One of the approaches to eliminating bias is to use ML to process more and more data. The bigger the data pot, the less the bias and error. Well, that’s the assumption, anyway. But it’s a dubious assumption given the pots analyzed are often variations on the theme. Most search categorization is based on recent pages and not deep page analysis. Google is no Linkpendium.

All this, oddly, reminds me a bit of the UK mad cow fiasco, where their agricultural industry essentially cultivated prions by feeding animals dead animals. Like Curie purified radium from pitchblend, the animals who died of this disease were then processed and fed to other animals. And since prions, like radium, persist after processing, the prions were concentrated and made it up the food chain into humans.

So in like kind the tools themselves are feeding back into the ML feedlot and being consumed again. It may take longer than a few days, but we will be back to the same problems in terms of bias and error.
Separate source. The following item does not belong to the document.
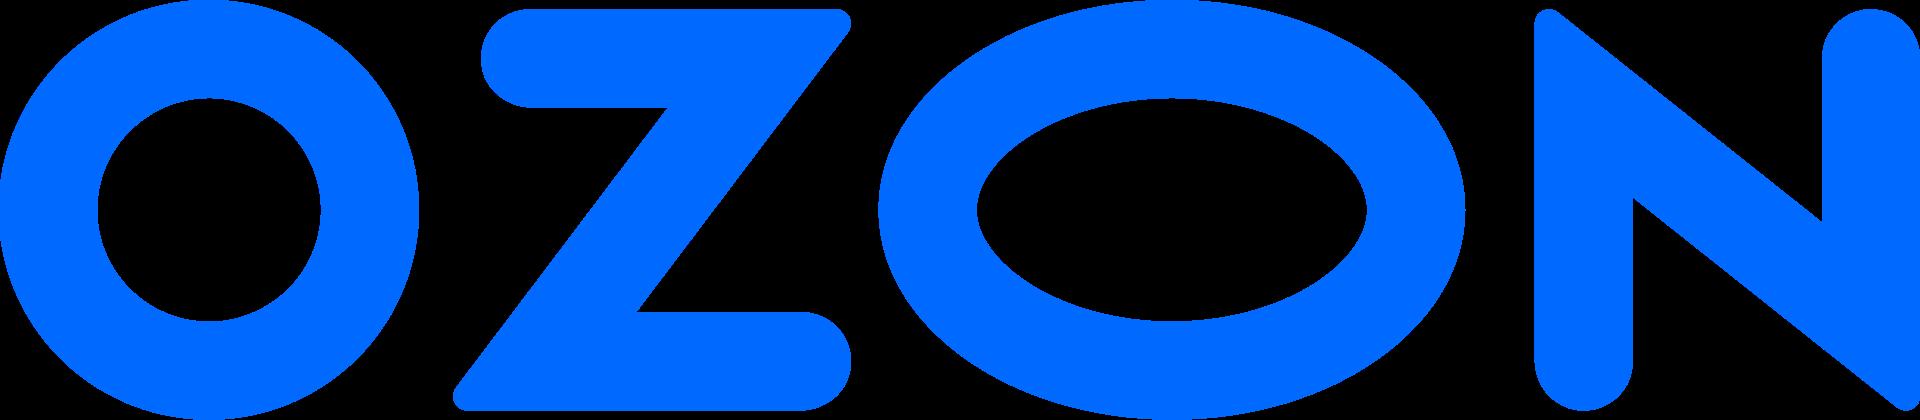 Файл:ОЗОН ЛОГО.png — Википедия

However, the gimmick of having a “machine” write your essay or news blurb is very tempting. Heck, AIs are claimed to take medical exams or pass a law class or handle software programming better than people.

But being a doctor or attorney or a software engineer is much more than book learning, as anyone who’s done the job will tell you.

And of course, there is now backlash from various groups who value their creative works and are not interested in rapidly generated pale imitations polluting their space and pushing them out. They didn’t consent to have their works pulled into a training set and used by anyone. Imitation is neither sincere or flattering, and is even legally actionable if protected by copyright, trade secret, or patent. It’s not “fair use” when you suck it all in and paraphrase it slightly differently.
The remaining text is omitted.